↓ Содержание ↓
↑ Свернуть ↑
|
Холодные ветра приходят на смену осеннему штилю. Суровая зимняя гроза бушует за окном, бьется с остервенением в окно и воет в каминной трубе. Метель из темной разверзшейся бездны неба заметает колючим белым покрывалом из острых снежинок и ледяных дождевых капель всю округу. Кружащаяся вихрем по мостовой поземка со страшным змеиным шипением забивается в щели между булыжниками. Ни одна живая душа не решается бросить вызов снежному безумию.
Пьер сидит на своей кровати, укутавшись в одеяло, и слушает, прикрыв глаза. Скрипят под натиском внезапного шторма половицы на чердаке, и Линде кажется, что там кто-то ходит. Иногда сверху доносятся странные звуки, похожие на стоны. Мальчик знает, что это никакой не призрак, а крыша, она недавно прохудилась, но все равно жмется к теплой каминной трубе, зажмуриваясь и молясь, чтобы стенания поскорее прекратились. Они нагоняют на него иррациональный и необъяснимый первобытный ужас. Ему хочется в теплую и уютную гостиную, к сестрам, брату и матери, однако вниз Пьер не идет. Страх перед отцом сильнее, чем трепет перед неизвестным.
Кроме того, он болен. Совсем не хочется лишний раз вставать и чувствовать, как пол уплывает из-под ног и меняется местами с потолком. В комнате холодно, и Пьер еще сильнее вжимается в кирпичную кладку трубы, стараясь согреться. Она постепенно остывает — значит, все уже легли, и в камине гостиной потушили огонь.

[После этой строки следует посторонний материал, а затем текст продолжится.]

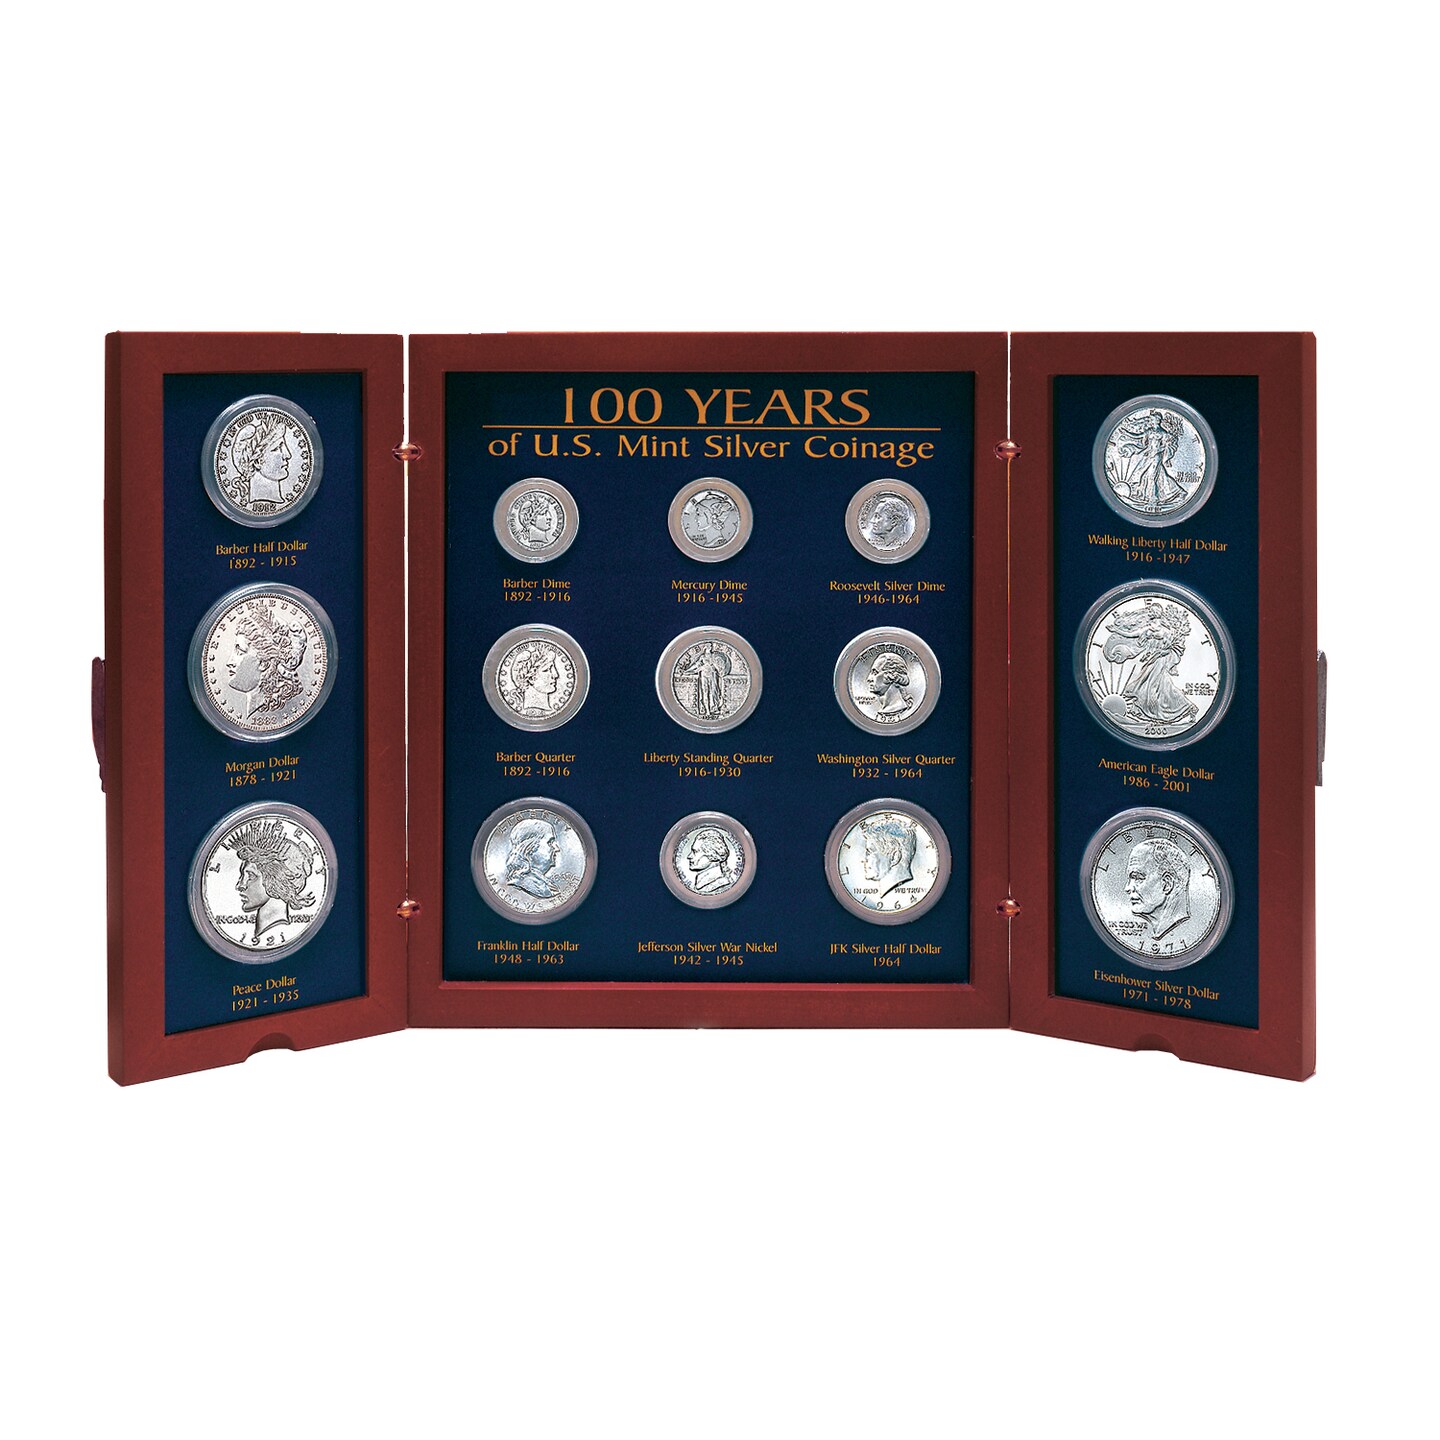 100-Years of U.S Mint Coin Designs

Только угли тлеют и не дают ей совсем охладиться. Мать Пьера давно просит мужа наконец-то доделать камин в комнате младшего сына, но тот постоянно находит отговорки. Сам Пьер никогда не попросит об этом: уж лучше терпеть физический холод, чем моральный.

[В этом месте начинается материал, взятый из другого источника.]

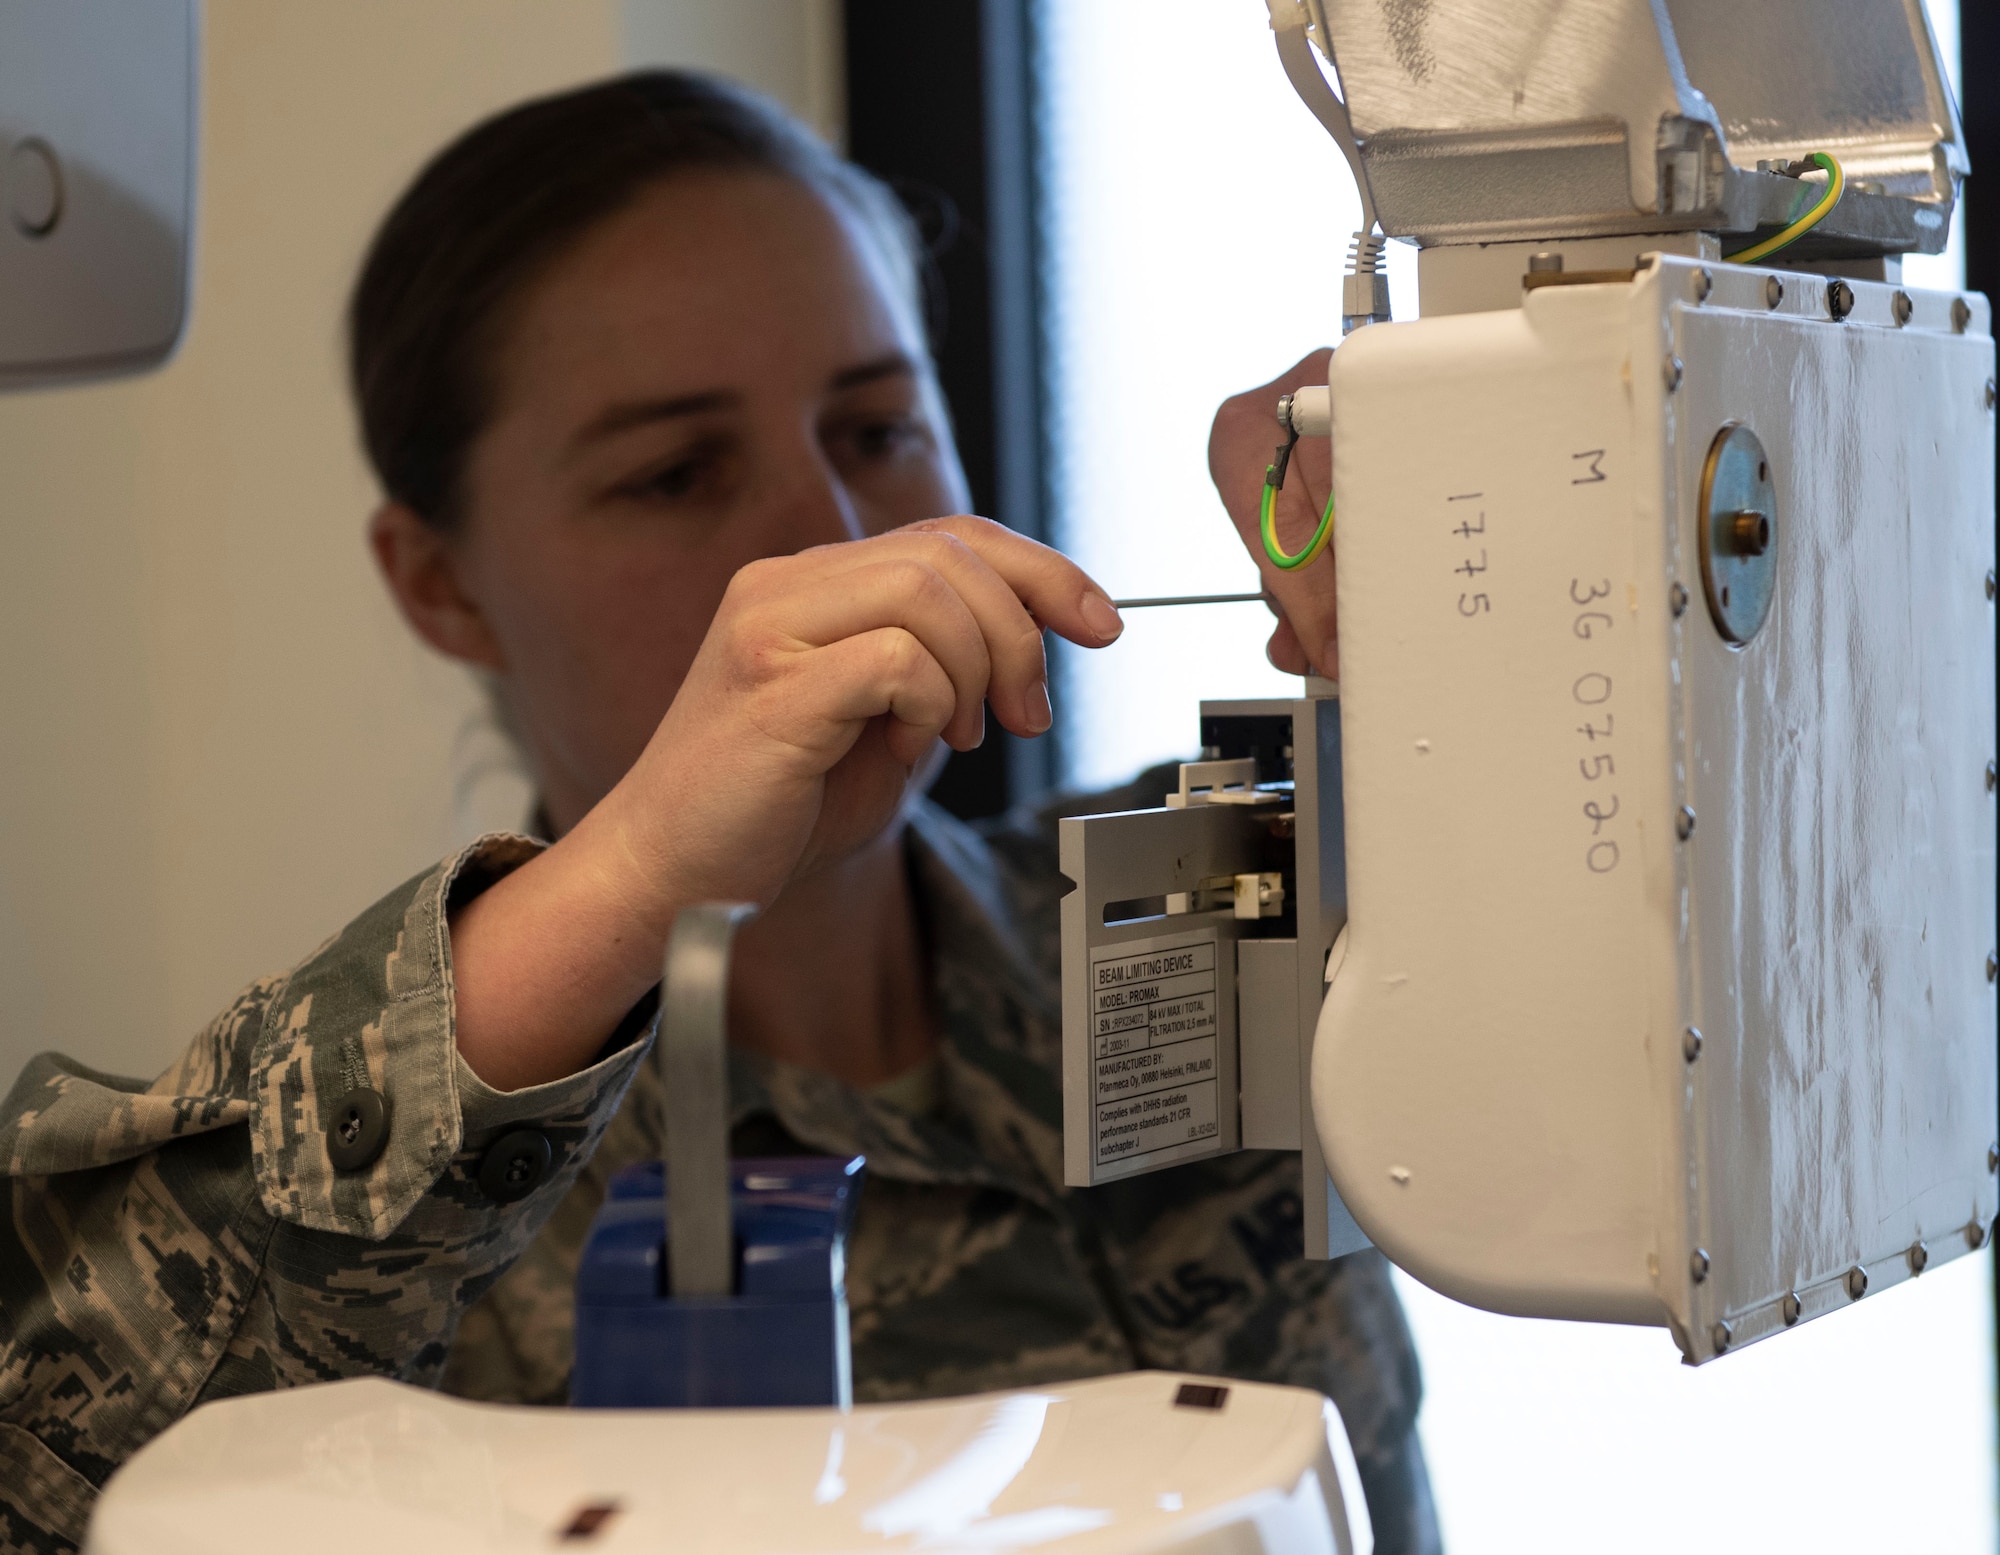 U.S. Air Force Staff Sgt. Heather Merrill, 52nd Medical Group biomedical equipment technician, checks a dental x-ray machine at Spangdahlem Air Base, Germany, April 1, 2020. Ensuring that medical equipment works is essential to proper patient care. (U.S. Air Force photo by Senior Airman Melody W. Howley)

Снова доносятся тихий скрип и стоны. Пьер испуганно вскидывает голову и прислушивается. Это уже не с чердака, а из коридора. «Окно распахнулось, — успокаивает он сам себя. — Наверное, сломало ветром ветку, она ударила в раму, а рама старая…». Скрип повторяется, и мальчик, судорожно выдыхая, падает обратно на подушки. Это не окно, а лестница.
— Ты уже спишь, мой мальчик? — спрашивает ласковый нежный голос.
Матушка. Пьер приоткрывает слегка глаза и улыбается ей, мотая головой. Он очень хотел позвать ее еще утром, но у отца отпуск из полка, и мальчик боялся даже лишний раз кашлянуть.
— Тебе надо побольше спать, — матушка присаживается рядом с ним и гладит его по лбу мягкой теплой рукой. — Помнишь, так сказал доктор.
— Помню, — тихо соглашается мальчик, вздыхая. Он бы с удовольствием уснул, если бы не завывания ветра.
— Как разбушевалось за окном, — словно догадавшись о его мыслях, говорит матушка, глядя на снежные вихри. — Никогда раньше не видела такого.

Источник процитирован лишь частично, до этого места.